To perform a DLA search, we must specify a few things first. First, we must specify which quasar emission model to use; to select the one learned above, we may use

% specify the learned quasar model to use
training_release  = 'dr12q';
training_set_name = 'dr9q_minus_concordance';

(the code will attempt to load the model from a file called data/[training_release]/processed/learned_qso_model_[training_set_name].mat.)

Next, we must specify which spectra to use to compute the DLA model prior Pr(M_DLA). Here we select all spectra that are:

  • in DR9
  • in the DR9 Lyman-alpha forest catalog, and
  • not filtered by our filtering steps above.

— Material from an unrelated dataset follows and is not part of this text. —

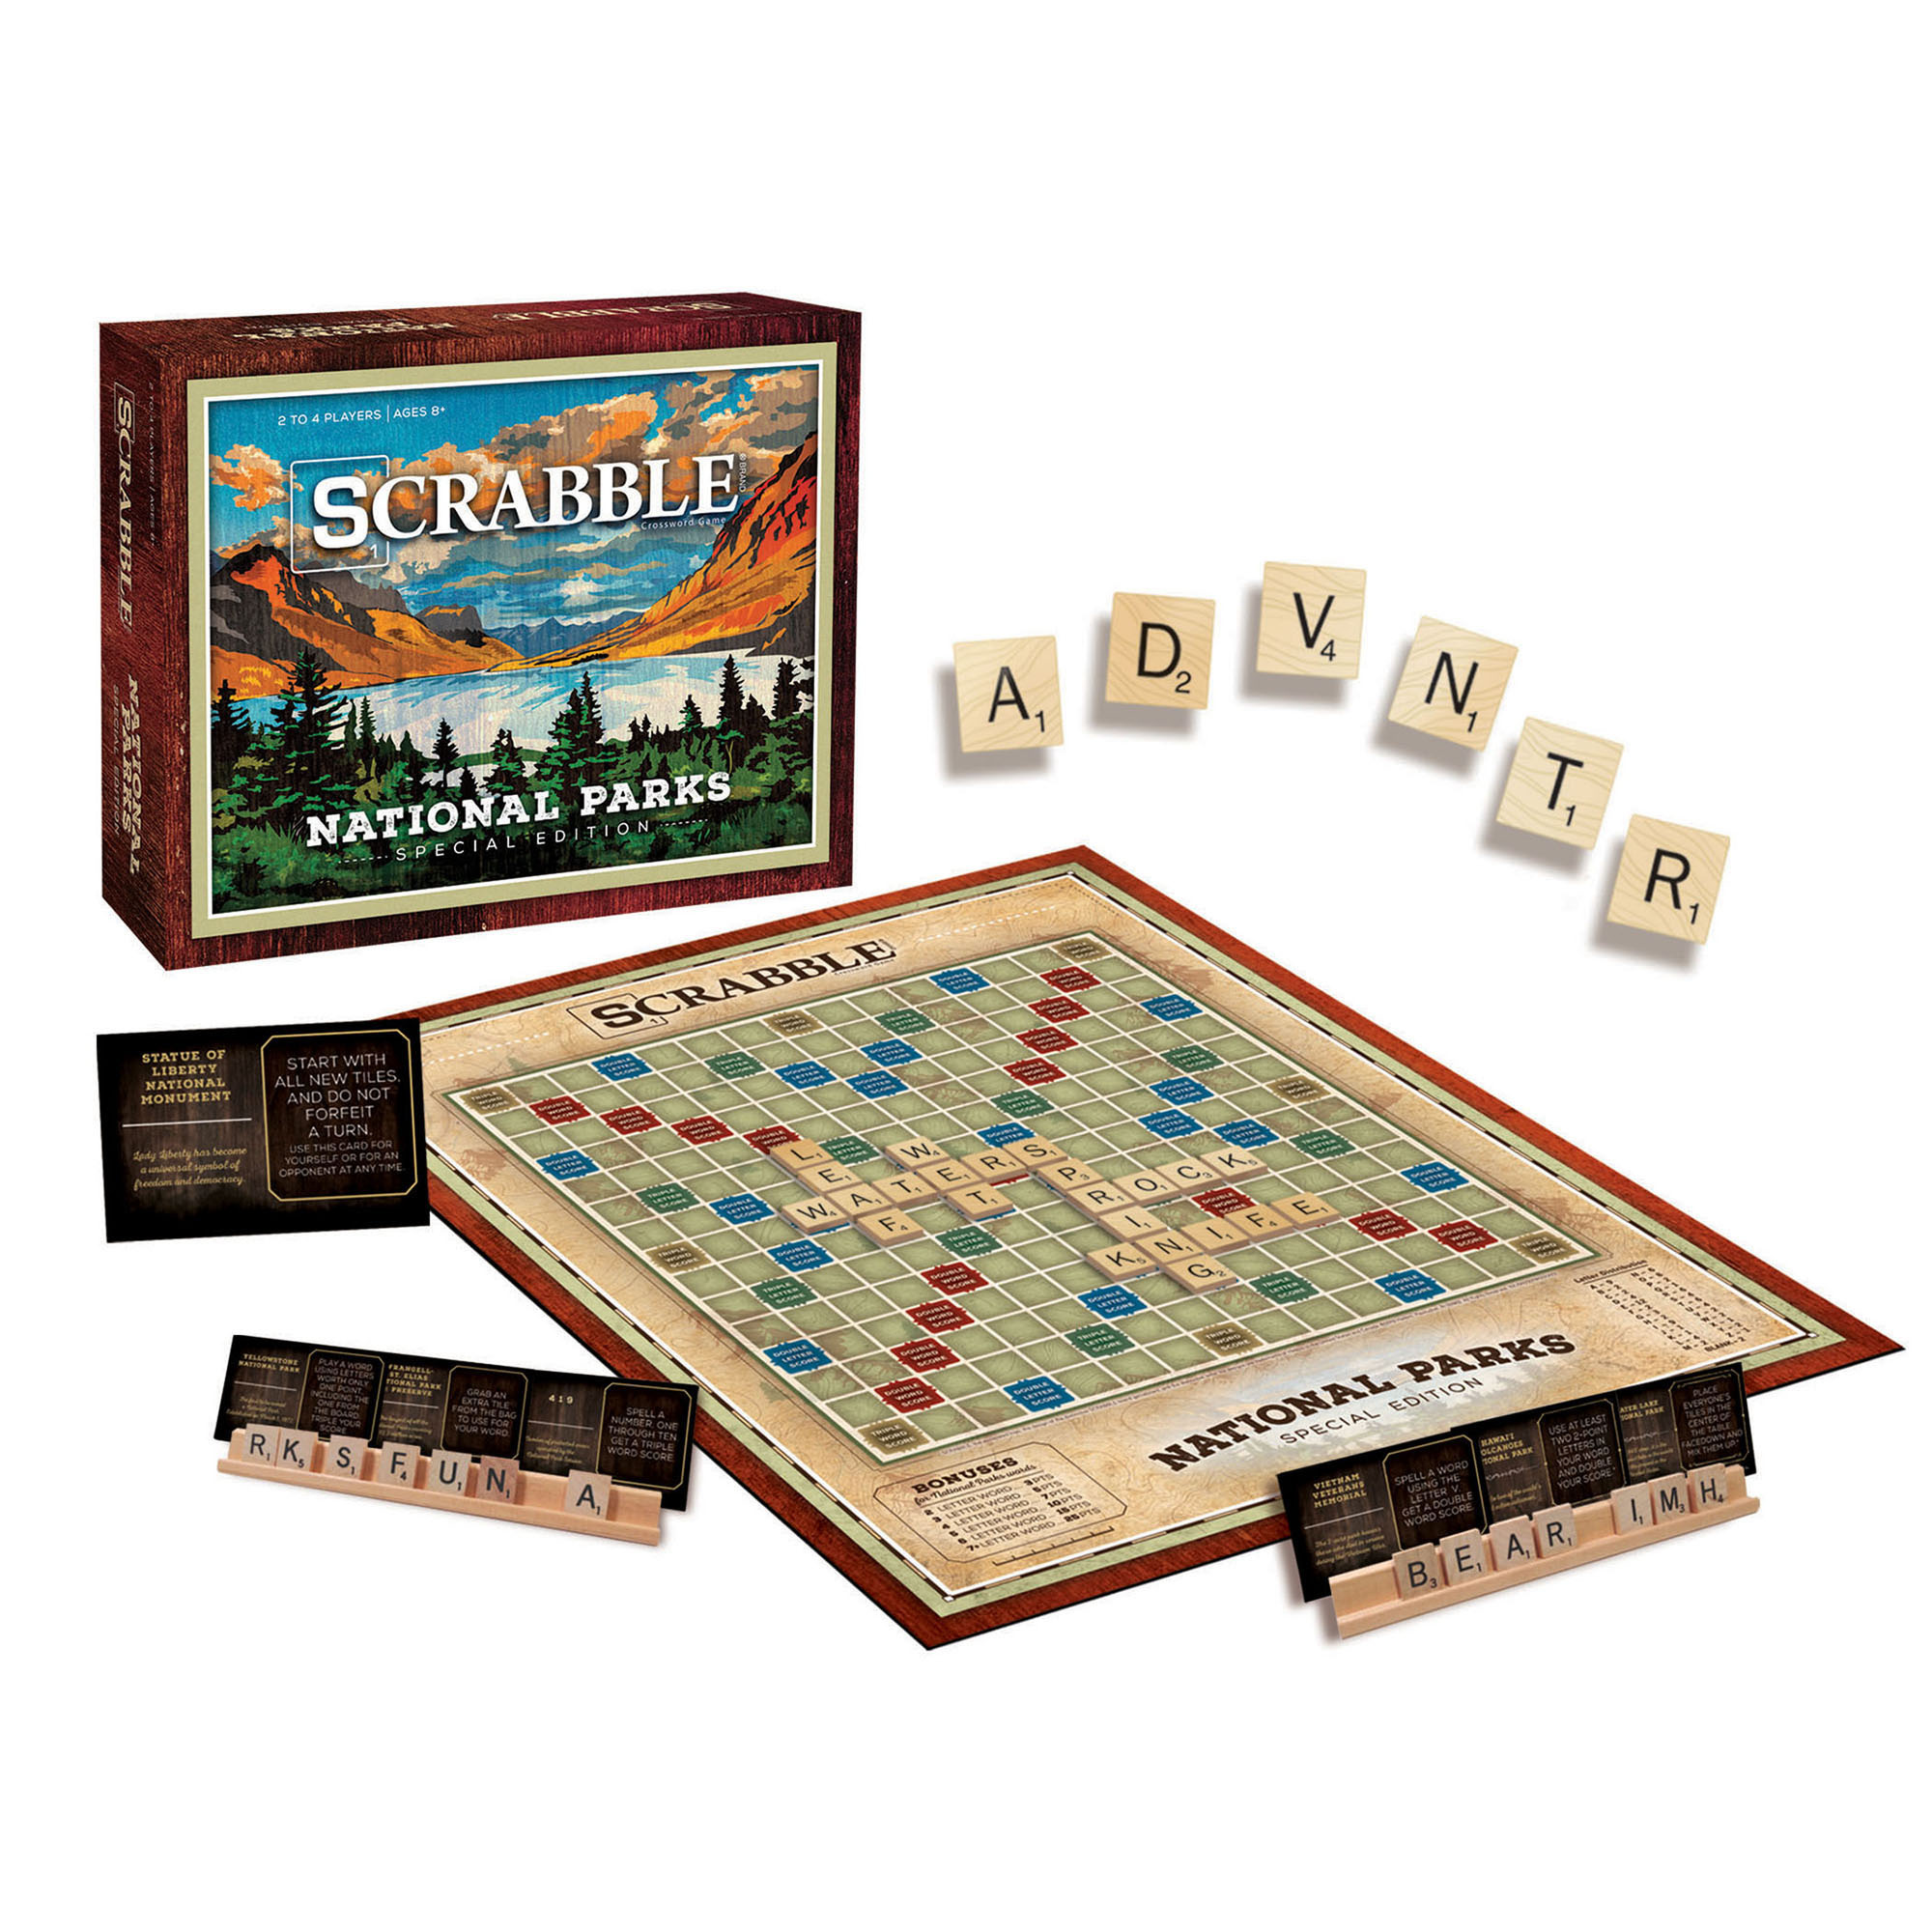 Scrabble: The Board of the National Parks edition, Board gaming during an adventure, Natural bingo. 2000x2000 HD Wallpaper.
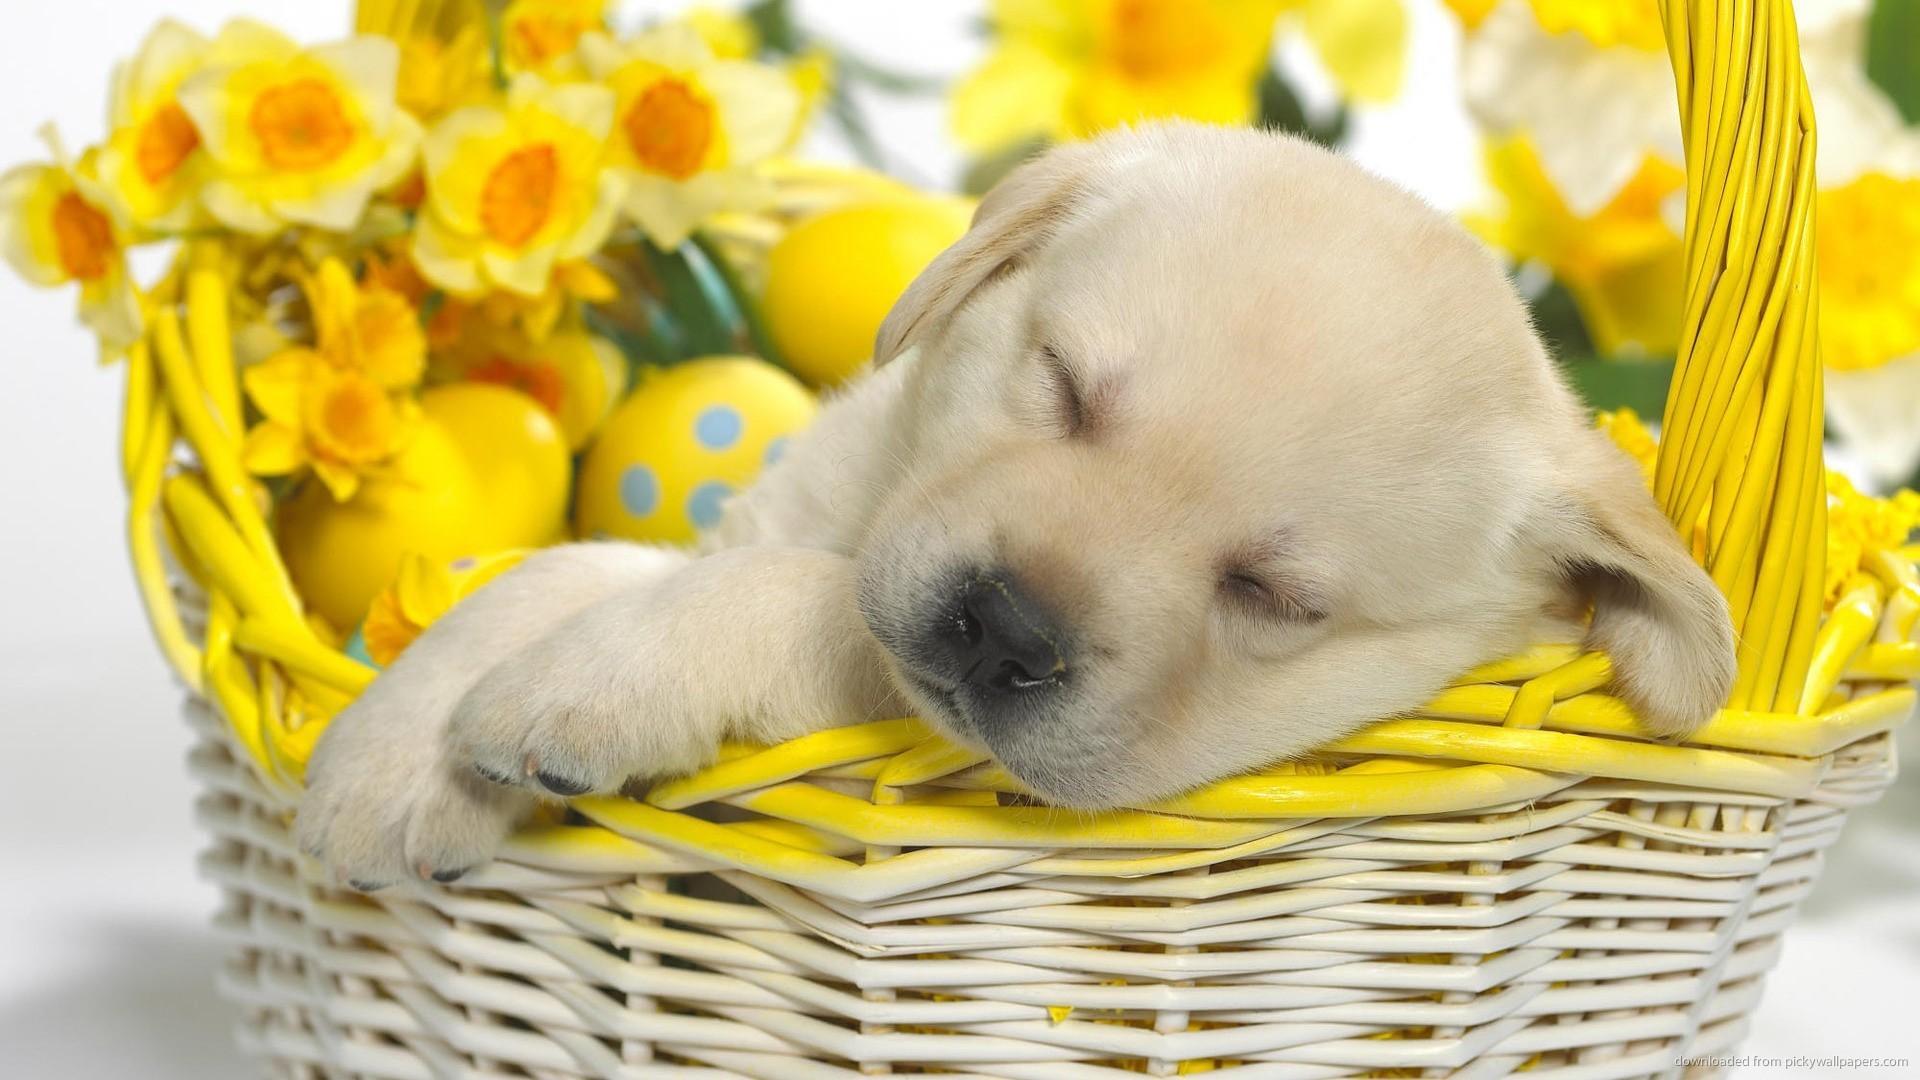 Cute Puppy Sleeping In An Easter Basket Wallpaper For Blackberry Curve

These choices can be realized with:

% specify the spectra to use for computing the DLA existence prior
dla_catalog_name  = 'dr9q_concordance';
prior_ind = ...
    [' prior_catalog.in_dr9 & ' ...
     ' prior_catalog.los_inds(dla_catalog_name) & ' ...
     '(prior_catalog.filter_flags == 0)'];

Next, we must specify which spectra to search for DLAs. Here we use all DR12Q spectra that were not filtered:

% specify the spectra to process
release = 'dr12q';
test_set_name = 'dr12q';
test_ind = '(catalog.filter_flags == 0)';

Relevant parameters in set_parameters that can be tweaked if desired, including function handles specifying the range of z_DLA to search:

% model prior parameters
prior_z_qso_increase = kms_to_z(30000);       % use QSOs with z < (z_QSO + x) for prior

% instrumental broadening parameters
width = 3;                                    % width of Gaussian broadening (# pixels)
pixel_spacing = 1e-4;                         % wavelength spacing of pixels in dex

% DLA model parameters: absorber range and model
num_lines = 3;                                % number of members of the Lyman series to use

max_z_cut = kms_to_z(3000);                   % max z_DLA = z_QSO - max_z_cut
max_z_dla = @(wavelengths, z_qso) ...         % determines maximum z_DLA to search
    (max(wavelengths) / lya_wavelength - 1) - max_z_cut;

min_z_cut = kms_to_z(3000);                   % min z_DLA = z_Ly∞ + min_z_cut
min_z_dla = @(wavelengths, z_qso) ...         % determines minimum z_DLA to search
max(min(wavelengths) / lya_wavelength - 1,                          ...
    observed_wavelengths(lyman_limit, z_qso) / lya_wavelength - 1 + ...
    min_z_cut);

When ready, the selected spectra can be processed with process_qsos. This script will write the results in data/[release]/processed_qsos_[test_set_name].mat.

The complete code for processing the spectra in MATLAB is:

% produce catalog searching [Lyoo + 3000 km/s, Lya - 3000 km/s]
set_parameters;

% specify the learned quasar model to use
training_release  = 'dr12q';
training_set_name = 'dr9q_minus_concordance';

% specify the spectra to use for computing the DLA existence prior
dla_catalog_name  = 'dr9q_concordance';
prior_ind = ...
    [' prior_catalog.in_dr9 & '             ...
     '(prior_catalog.filter_flags == 0) & ' ...
     ' prior_catalog.los_inds(dla_catalog_name)'];

% specify the spectra to process
release = 'dr12q';
test_set_name = 'dr12q';
test_ind = '(catalog.filter_flags == 0)';

% process the spectra
process_qsos;

Finally, we may create an ASCII catalog of the results if desired with generate_ascii_catalog, e.g.:

set_parameters;
training_release  = 'dr12q';
release = 'dr12q';
test_set_name = 'dr12q';

generate_ascii_catalog;